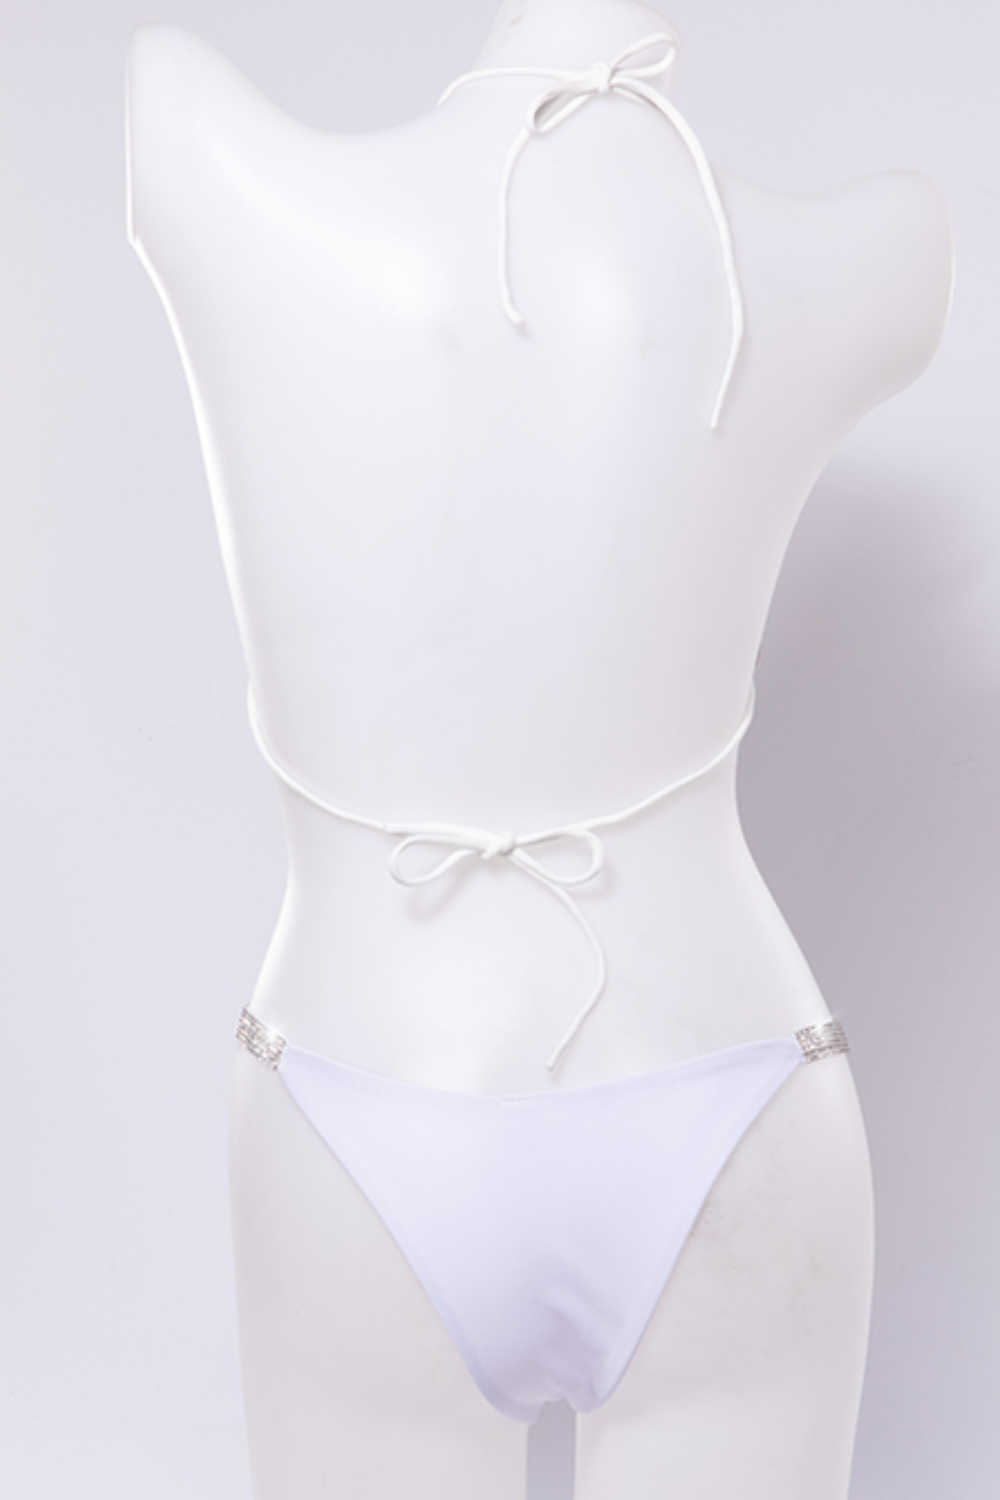 Bling Fling Jeweled Bikini Set - White
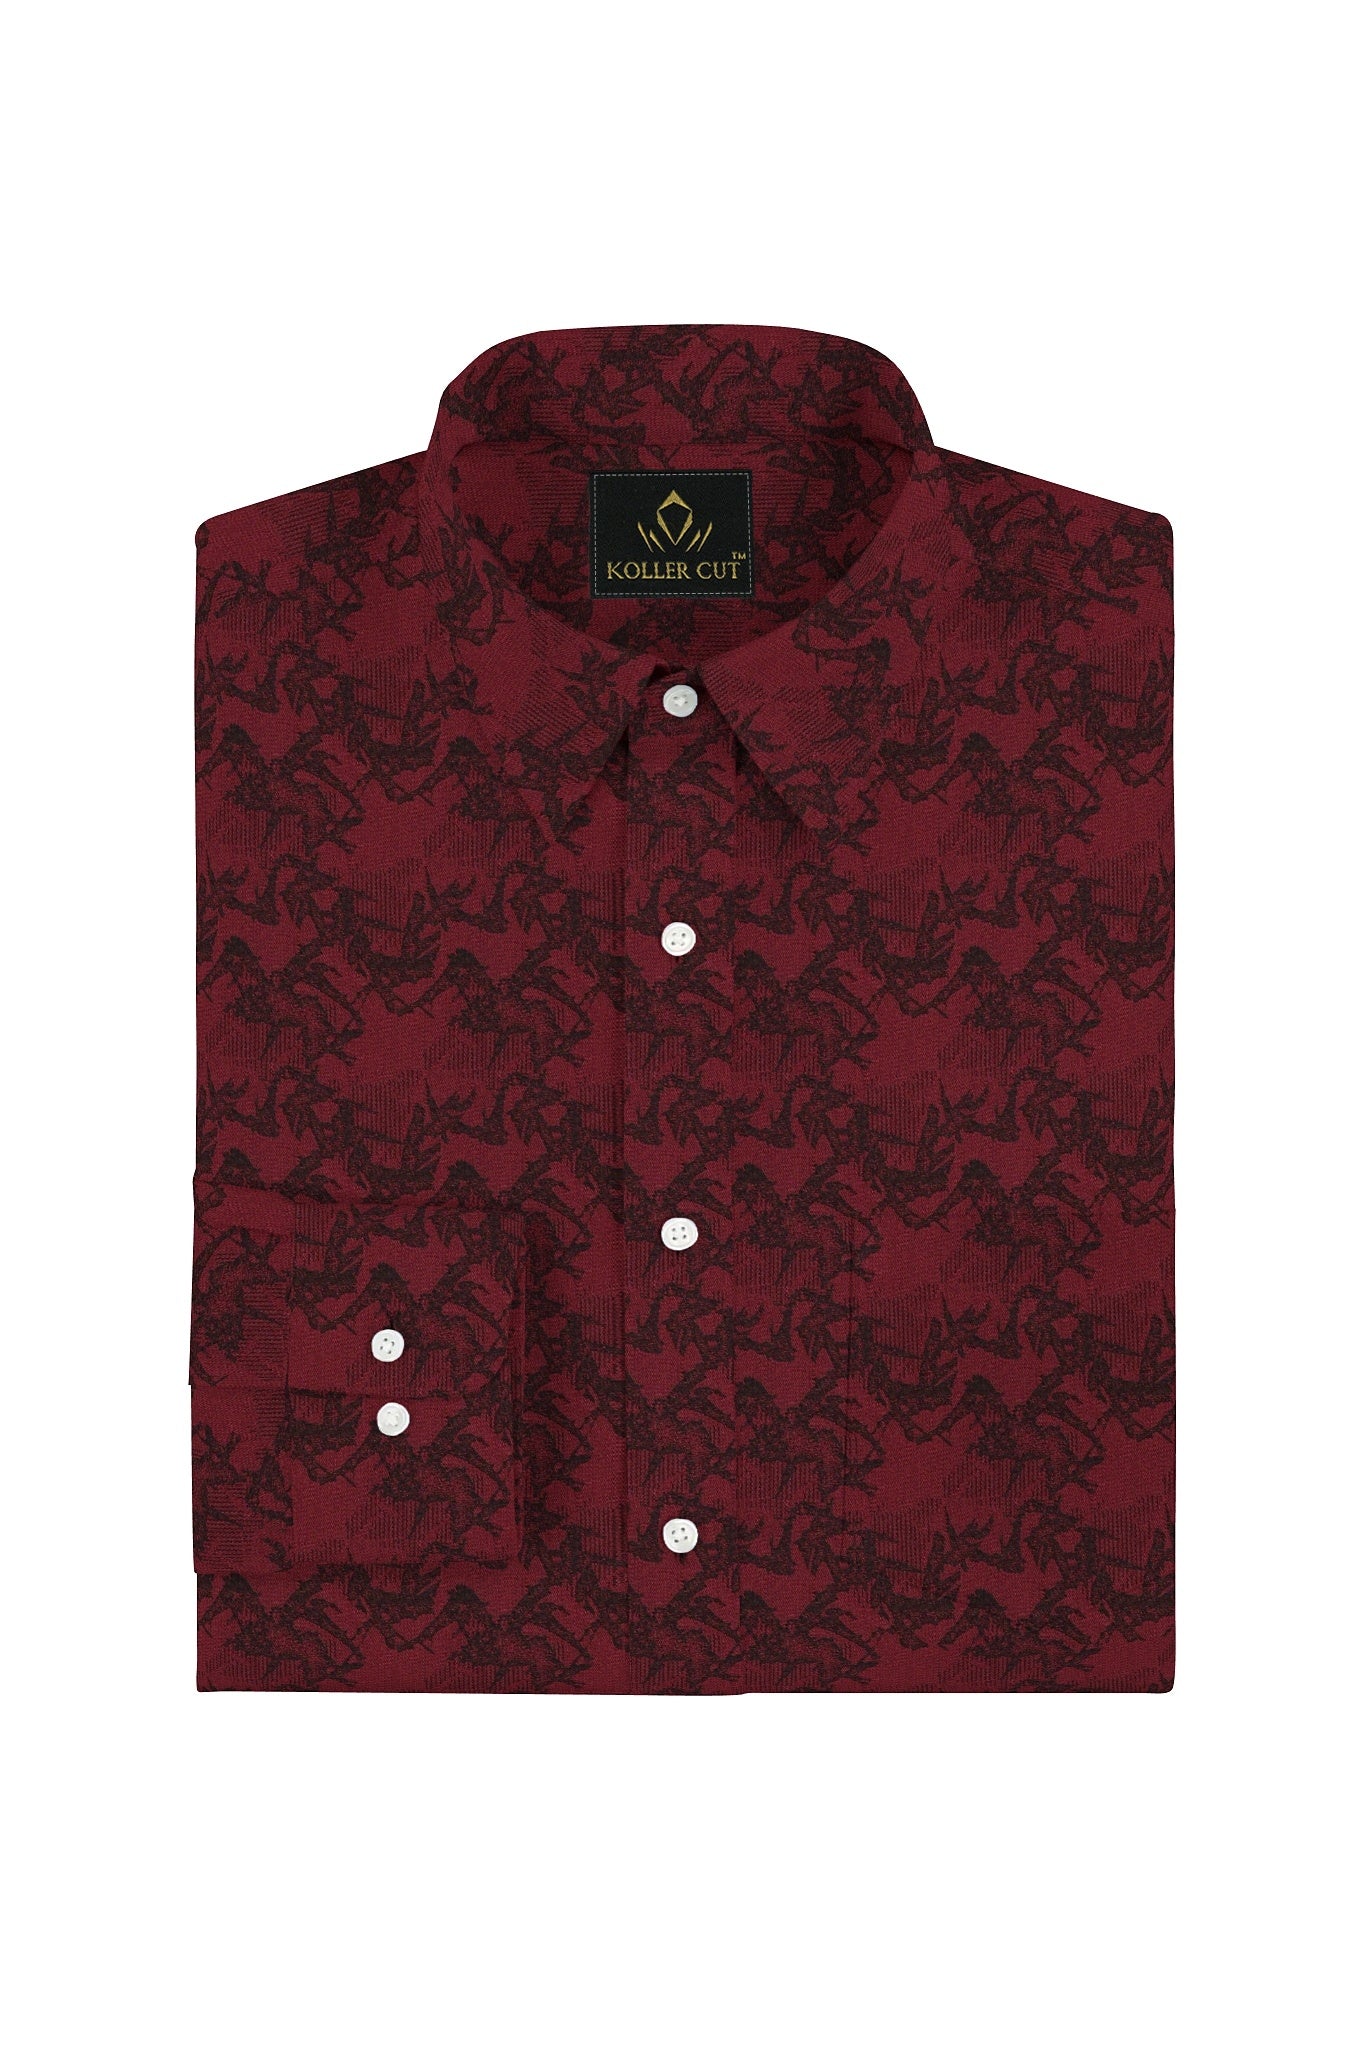 Carmine Red and Jade Black Jacquard Thorn Printed Egyptian Giza Cotton Shirt
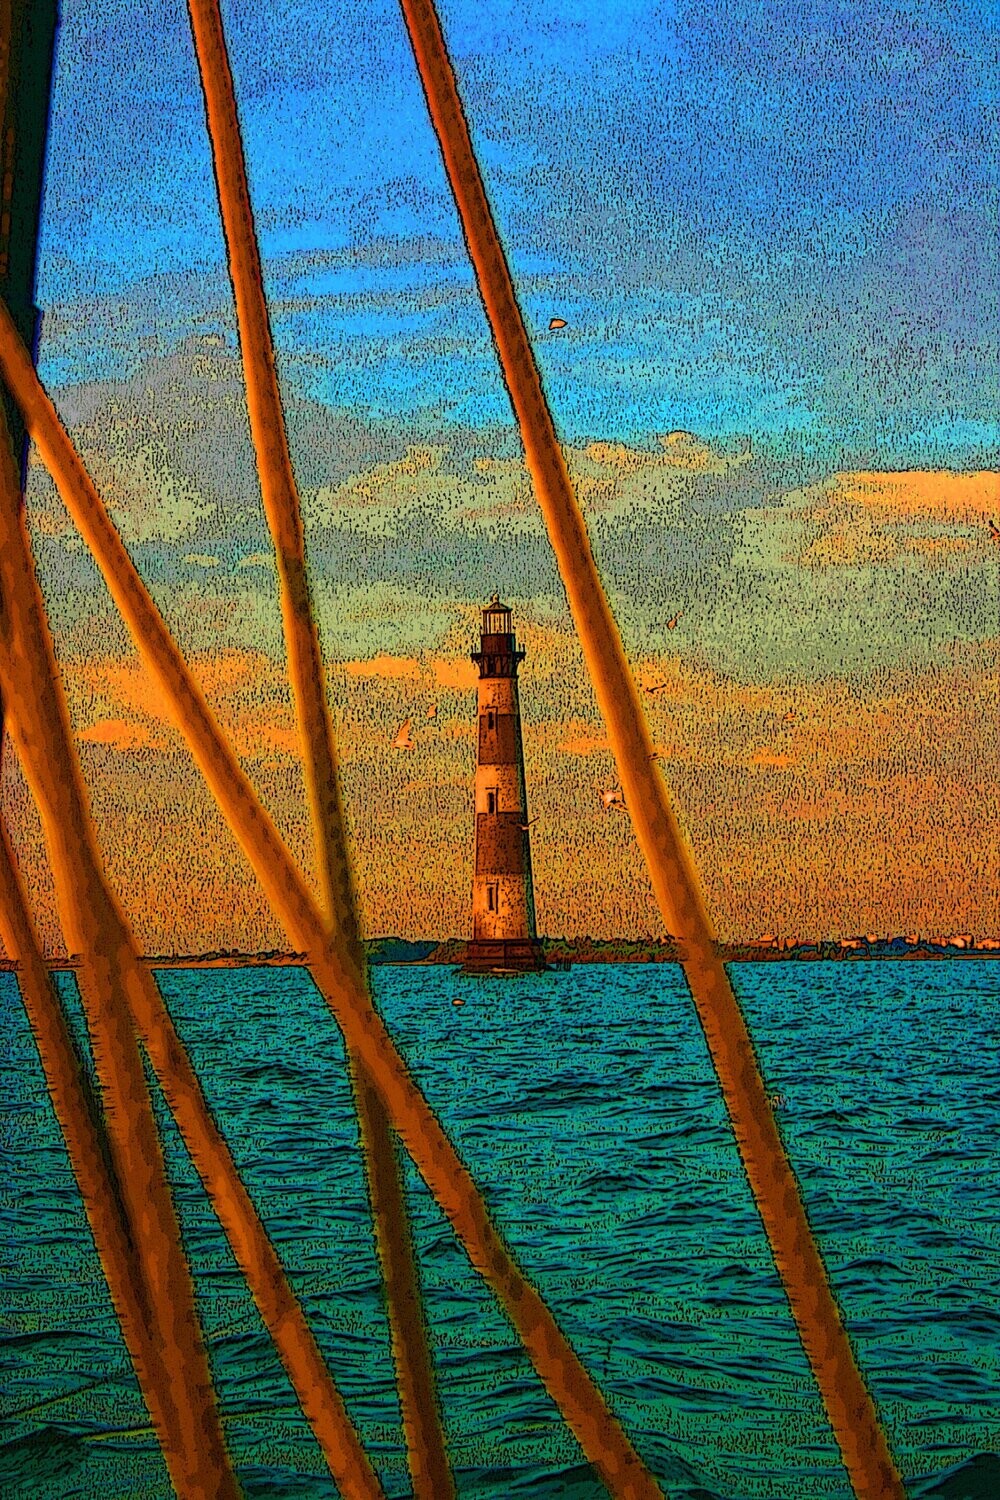 "Morris Island Lighthouse" by MFox
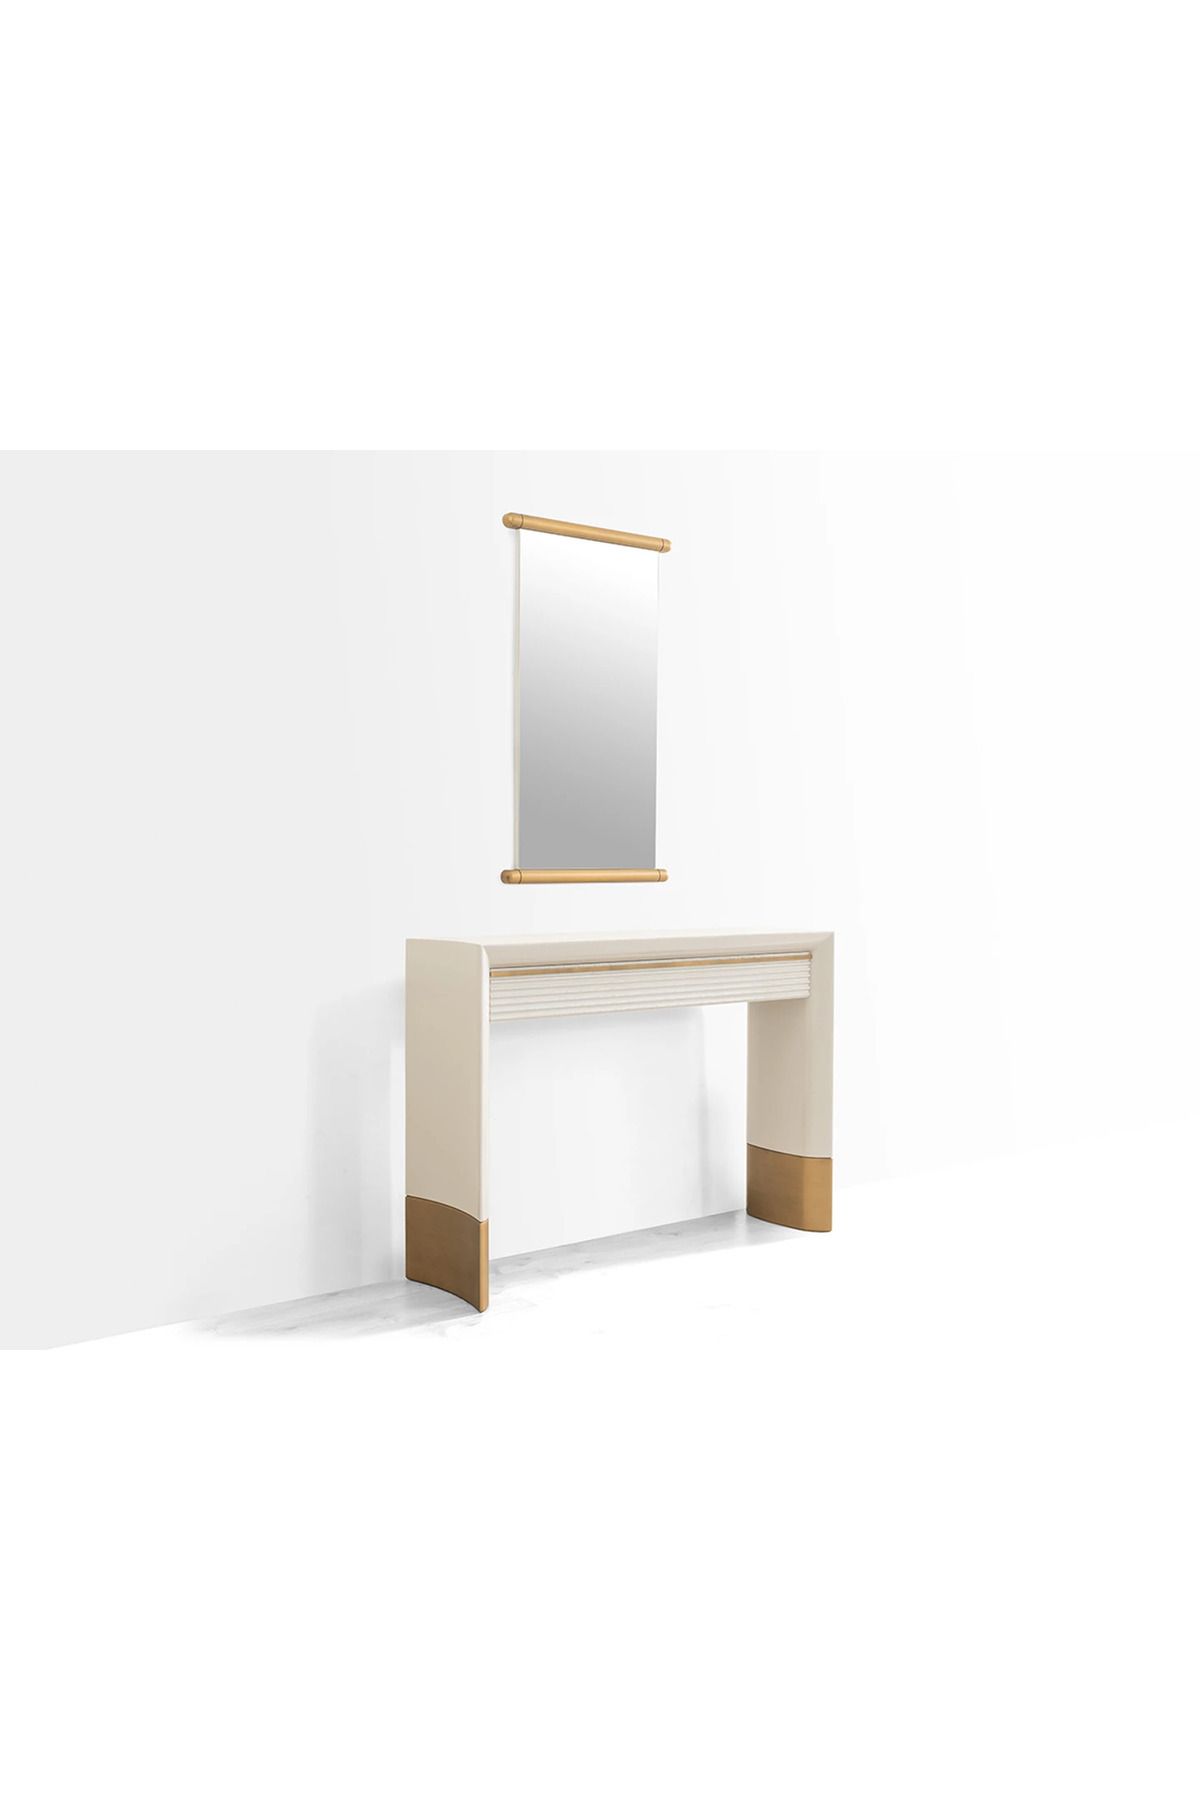 Nill's Furniture Design Laly Dresuar
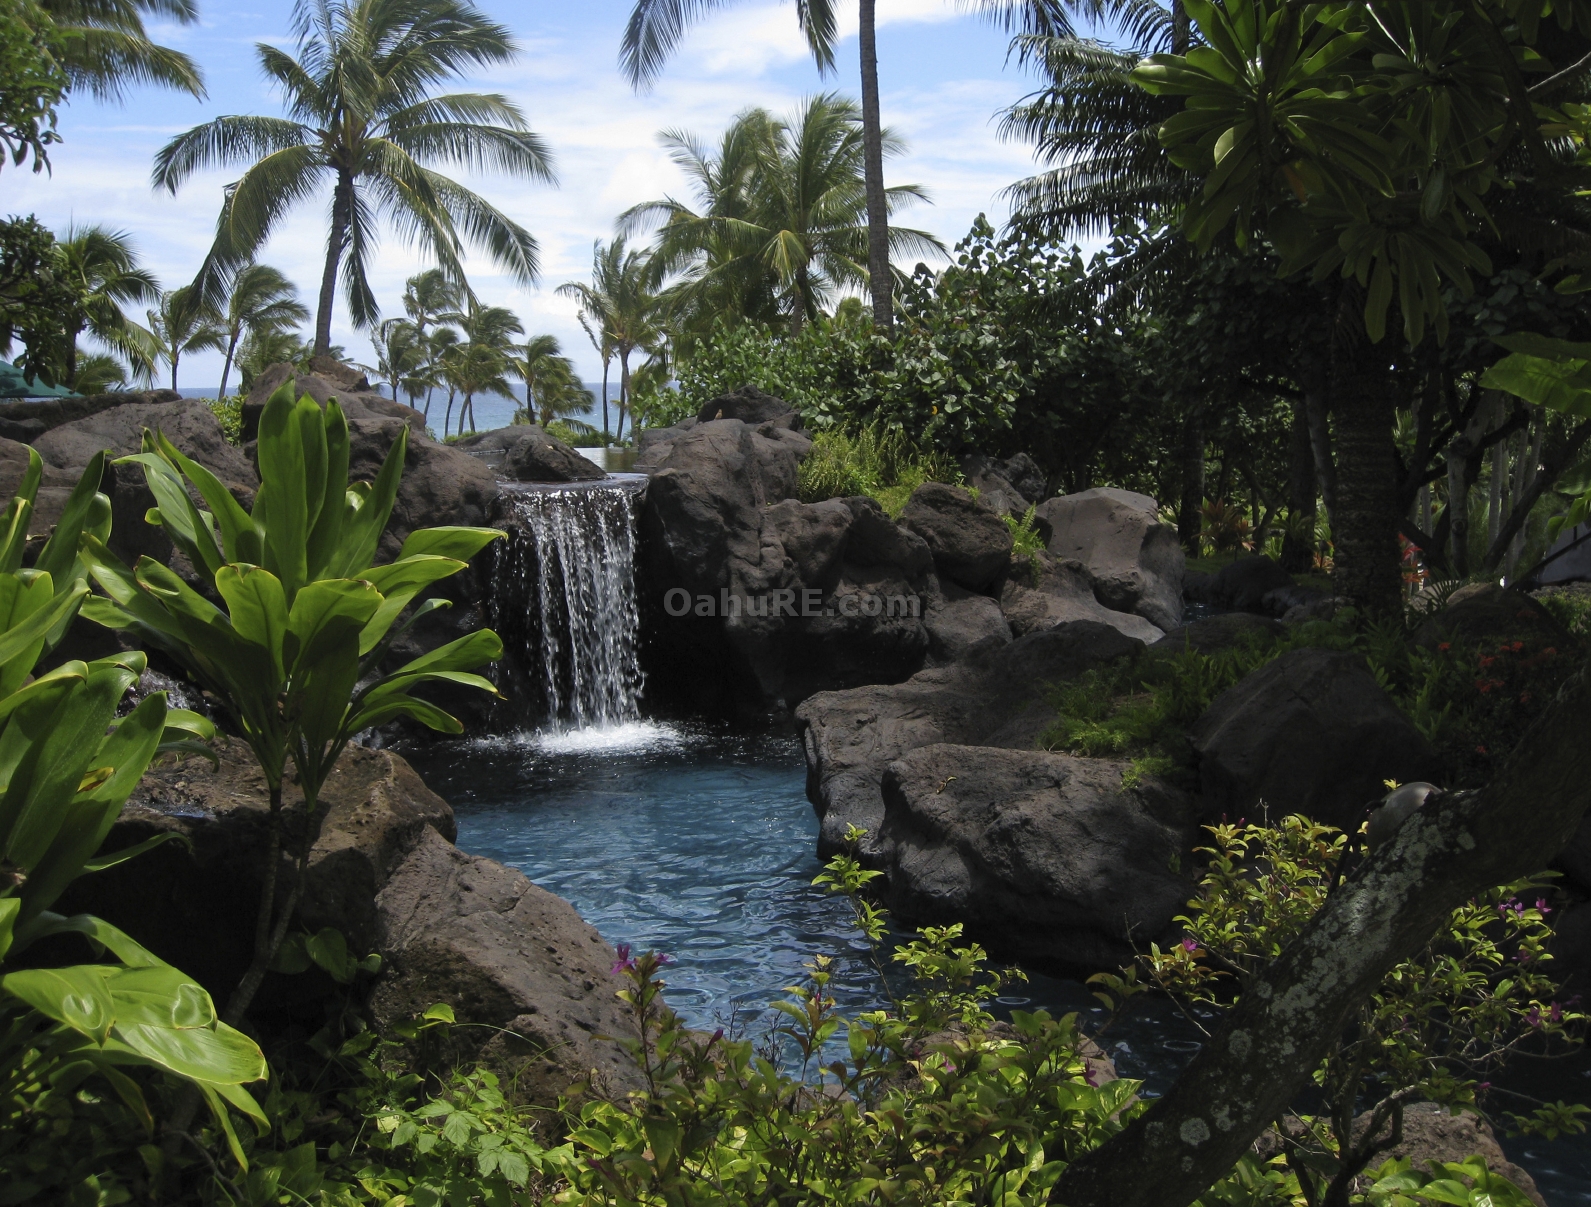 Waterfall on Oahu

* [DESCRIPTION OF THE TASK]
Reproduce exactly, without any picture, the lines from the one bearing "Nill's Furniture Design Laly Dresuar" to the last line of the records above.

* [RESPONSE TO THE EXERCISE]
 Nill's Furniture Design Laly Dresuar
 Waterfall on Oahu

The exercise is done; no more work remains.